Does people still use tables?

Does people still use tables to display data from the server? I've seen many websites that use lists and list items to display that data.

3 Answers

kevin jordan
kevin jordan
11,353 Points

Jesus - In my experience it really depends on the type of data that you are going to display. If you have a lot of information that needs many columns, then you're better off using a table. If you only need one or two columns to display the info from your DB, you can get away with lists (LI). The benefits of tables include using thead and tbody to separate out your data and maintain legibility. Also, you will have more control of how the data will look since CSS has many more selectors for tables. Hope this helps ! kj

Jesus Mendoza
Jesus Mendoza
23,289 Points

I saw a job search webpage retrieving data from the server and displaying it in list items with headers and a nice css style, but i've also seen webpages display the data using tables. I didn't know if the webpages using tables were not up to date, so, that's why I asked.

Thanks.

Hi Jesus,

I are referring to simply using a table format to lay out data on a webpage ? Typically using table, th, tr, td elements?

Thanks Craig

Jesus Mendoza
Jesus Mendoza
23,289 Points

I mean when retrieving data from a server with PHP and displaying it on the page! Thanks for your answer.

My knowlege of PHP is limited to what I have learnt on treehouse, I may possibly be misunderstanding the question but to the best of my knowledge PHP is as we know a server side langues and once a request is sent from the browser to the server, the servers turn that php into front end language and serve it to the browser...

I am unsure of where tables come into the php language as php basically serves up html for your css to style(as far as i know but i could be correct on this) Marcus Parsons normally answers lots of my questions on JavaScript he may be able to help more!

Also when doing the course on php I visited this site alot

Hope this is in someway helpful

Thanks for the mention Craig! As far as tables and lists go, it's really up to you how you want to display the data. If it makes sense as a list, make it a list. If it makes sense as a table, make it a table. If you're thinking of using your table as a layout for a website (not an email mind you) then check out this article on why using tables for layouts is a stupid idea.
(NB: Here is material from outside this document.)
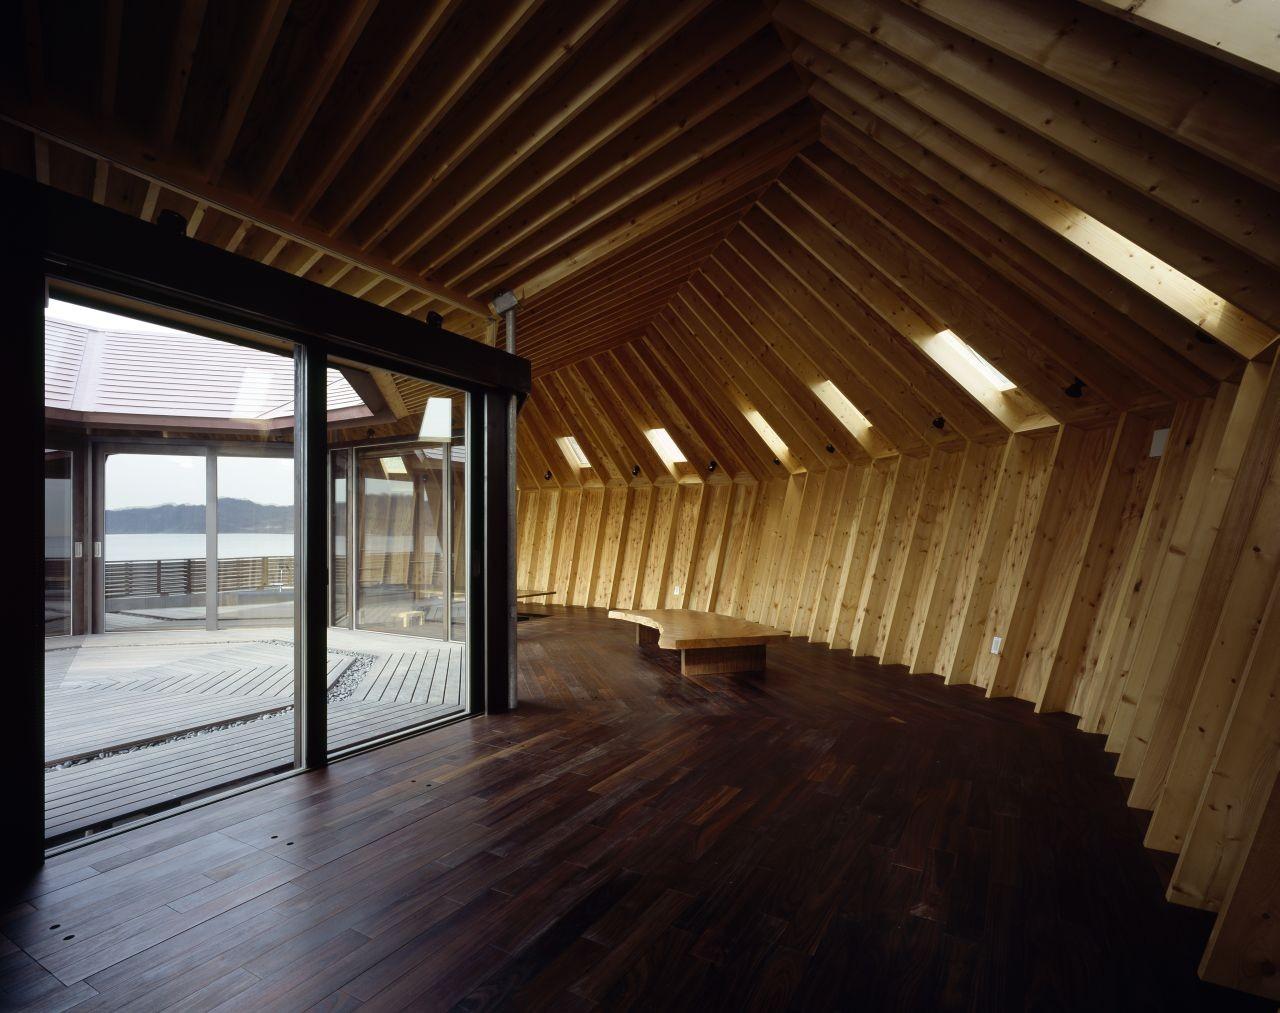 japanese shell house interior photo - 5

When it comes to PHP, it does serve back HTML to the page, but it also does quite a bit more. If it just turned the code back into front side language, there would really be no need for it. We could just use JavaScript for that, and it would be faster because the data wouldn't have to be sent off to the server, processed, and then shipped back. One of the things PHP does well is help with handling user input in a secure environment. You wouldn't want to run encryption on the client side using JavaScript (or another client side language) because it would be easy to reverse engineer. After all, since it is being ran on the client side, your computer has access to that data, and that means you'd also be able to reverse engineer everyone else's data. But if you are running an encryption algorithm on the server and then sending only data that the user needs to see, you are making things more efficient for both you and the user.

A great read for what PHP does is from the php.net site that Craig mentioned, in an article aptly called What Can PHP Do?

Maor Tzabari
Maor Tzabari
1,762 Points

It's important to know that CSS was only few years after HTML, Web developers didn't have the chance to deal with float left and right with CSS, or all the new CSS properties that you're learning now. Most of the markup was with tables and not divs, and instead of floating left you would have to create a table with columns.

Now it's more flexible, but it's recommended to have a good understanding for tables, It's 2015 and still you will find yourself building a page without CSS because the device that you building it for - doesn't read CSS. another example is when you creating a newsletter, if you want most of the mobile devices to see it will, you will have to build it with table.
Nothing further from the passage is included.